• What you are asked to do
Below is a listing to repeat exactly, with its pictures left out.

• Source material
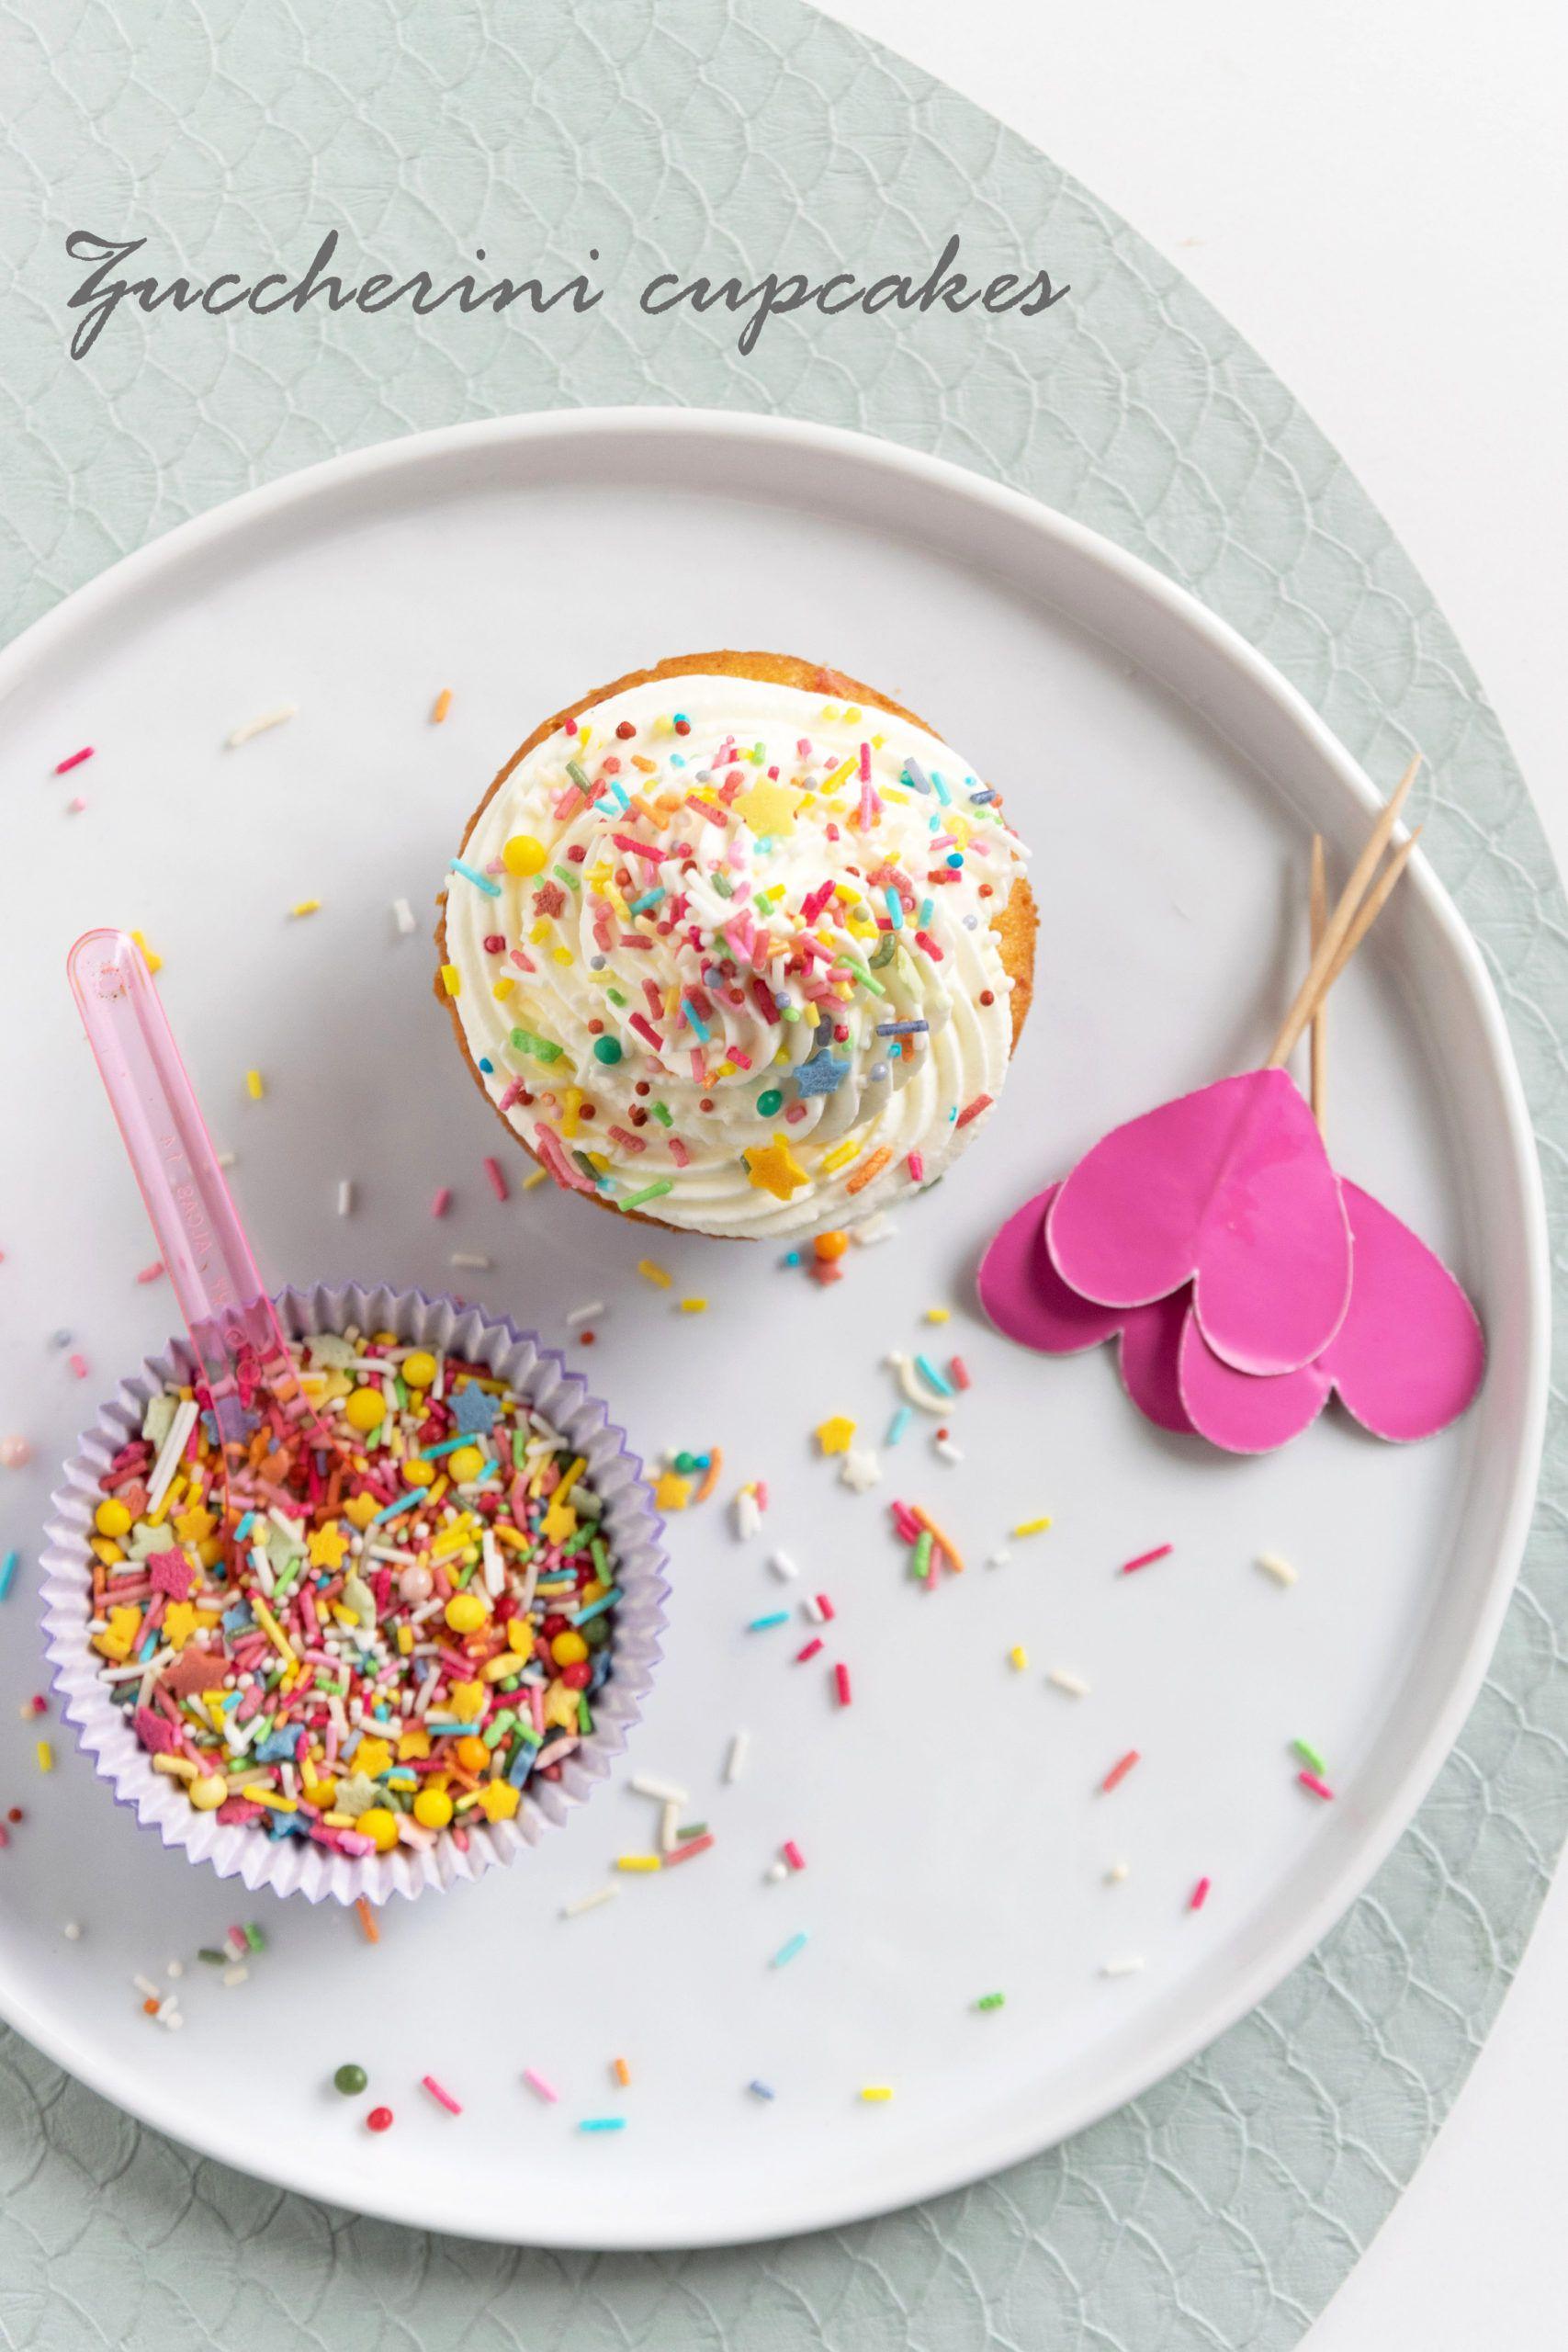 Zuccherini cupcakes
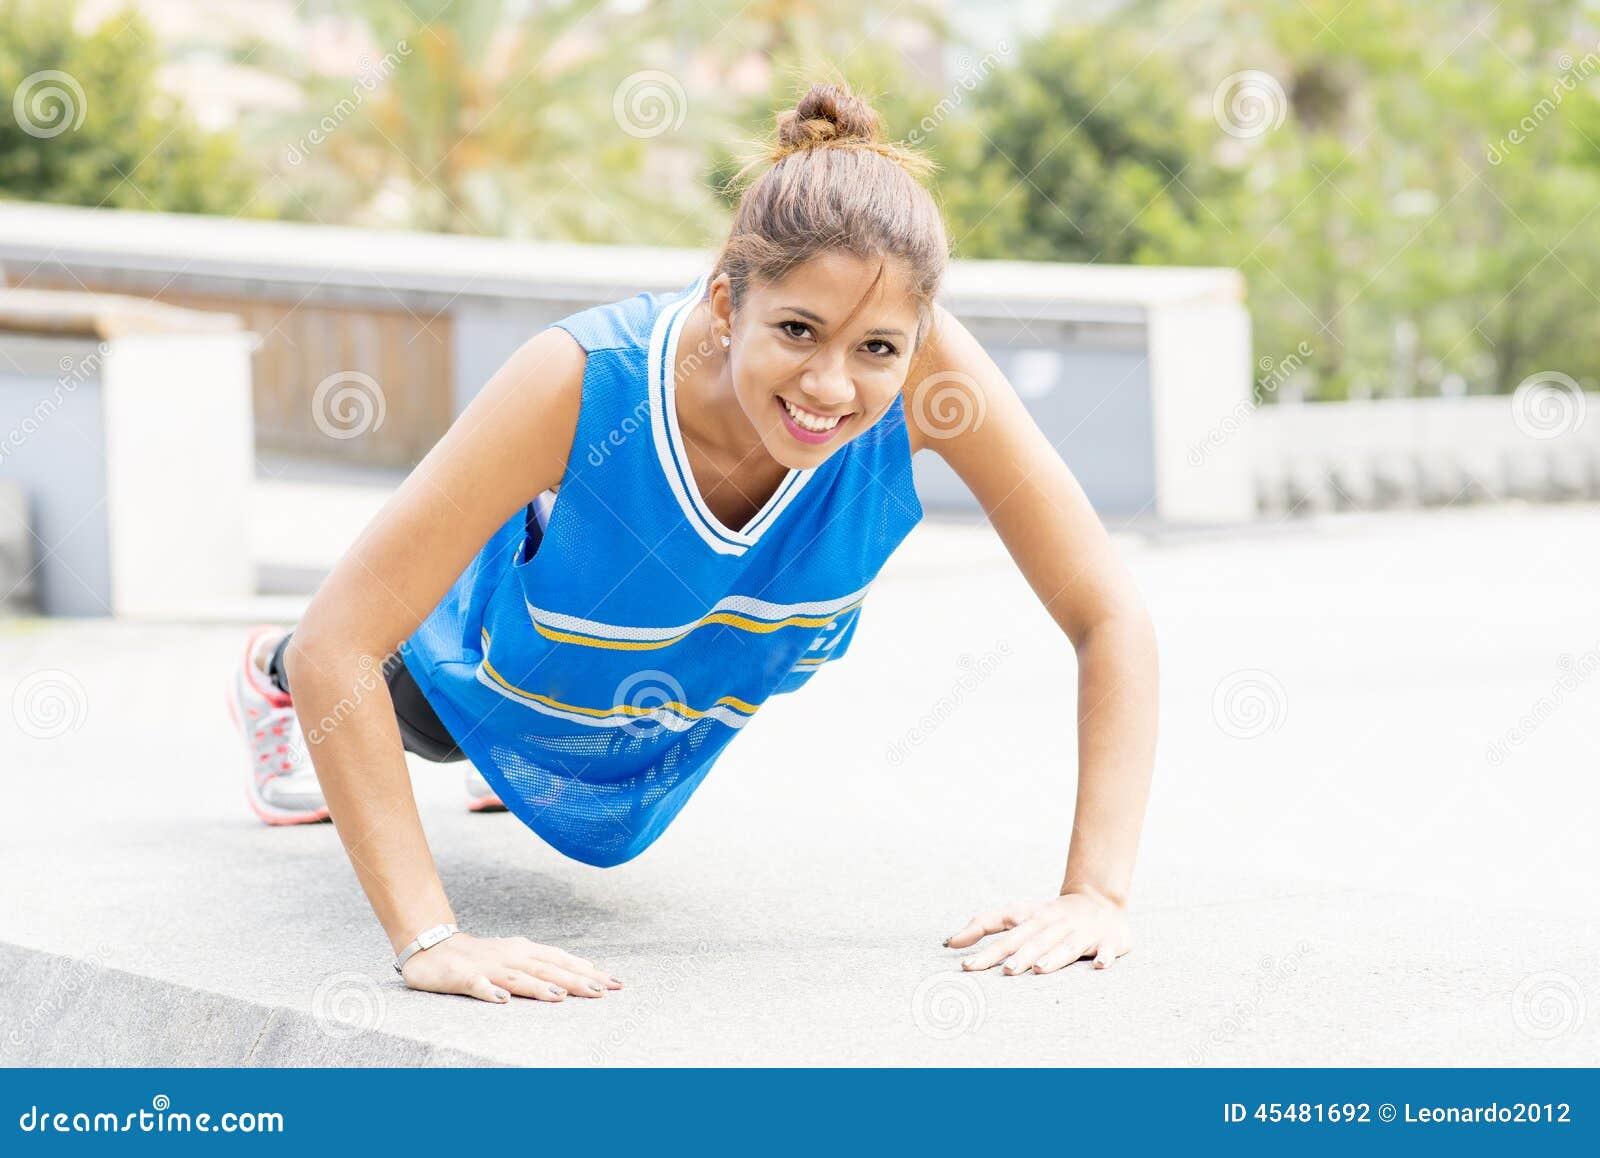 Uśmiechnięta piękna sportowa kobieta robi pushups w ulicie
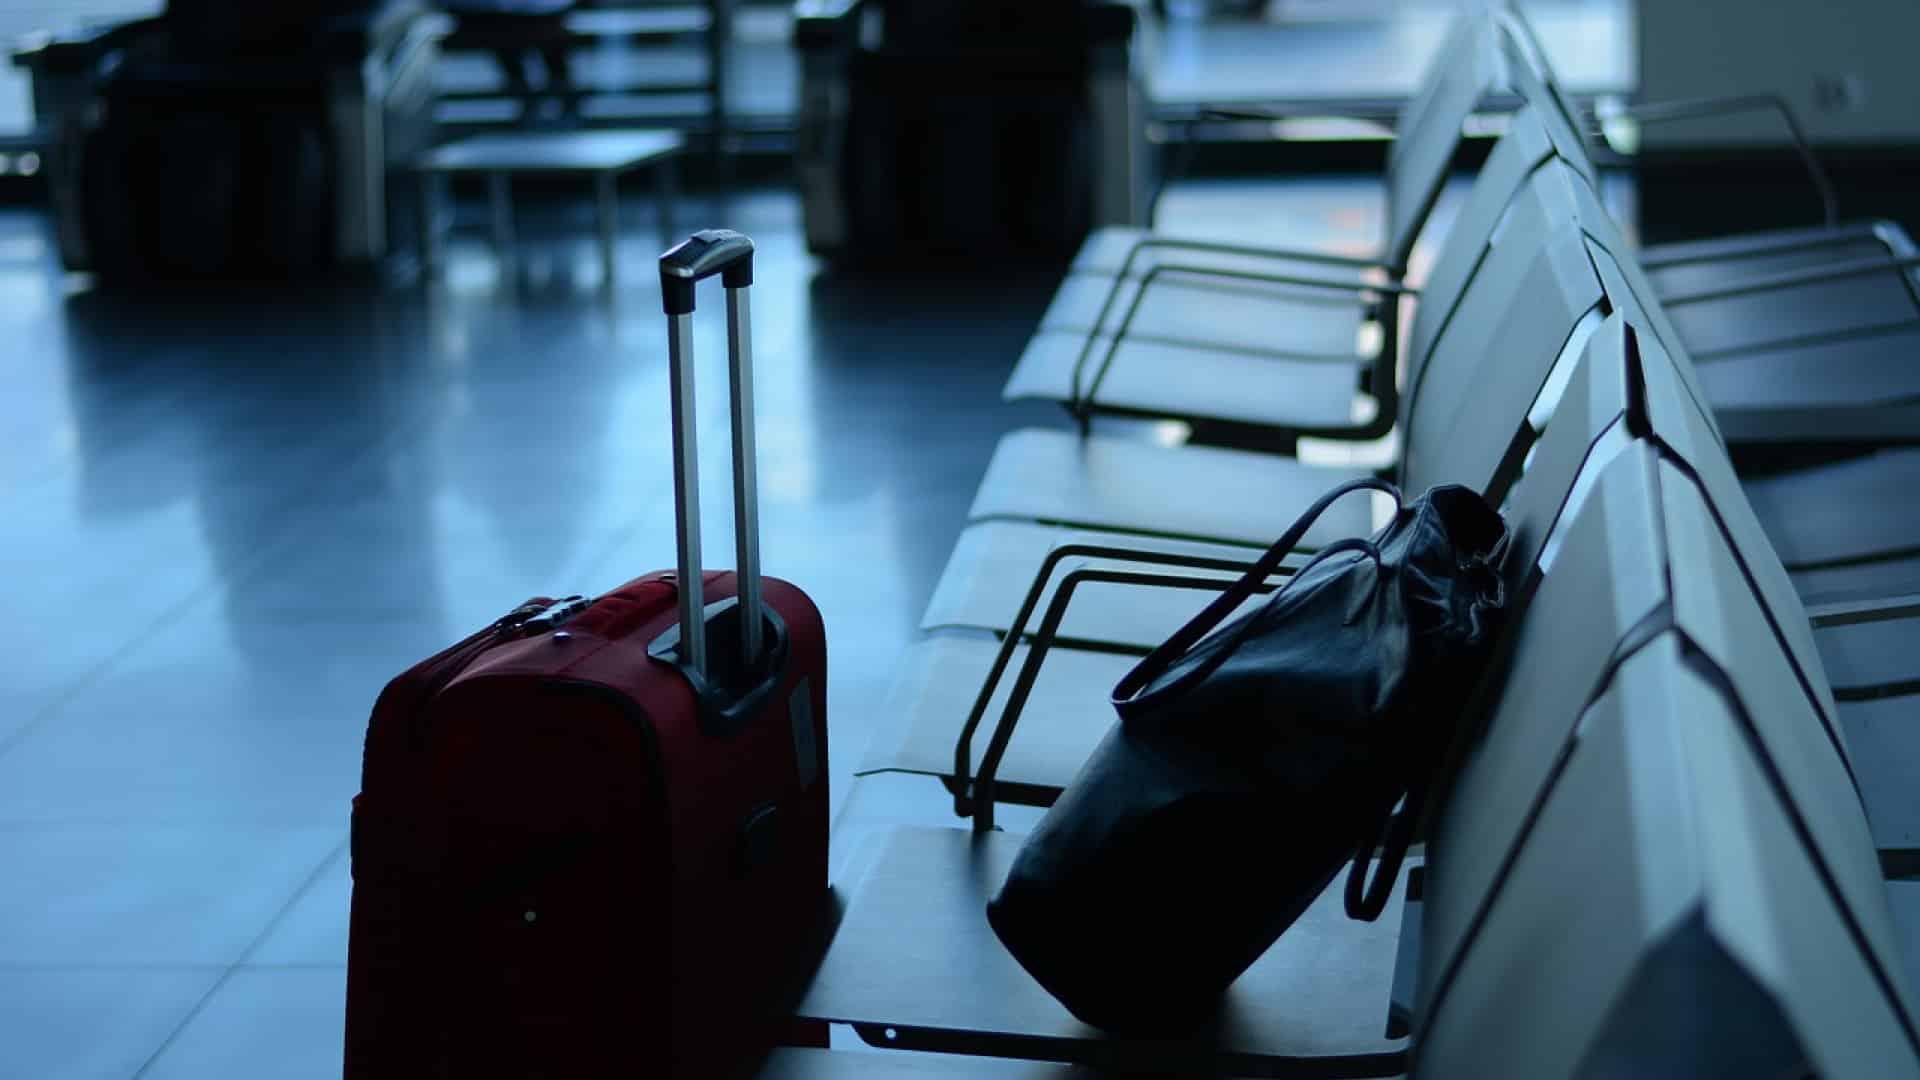 Comment choisir sa destination touristique ?

• Result below
 Zuccherini cupcakes
 Uśmiechnięta piękna sportowa kobieta robi pushups w ulicie
 Comment choisir sa destination touristique ?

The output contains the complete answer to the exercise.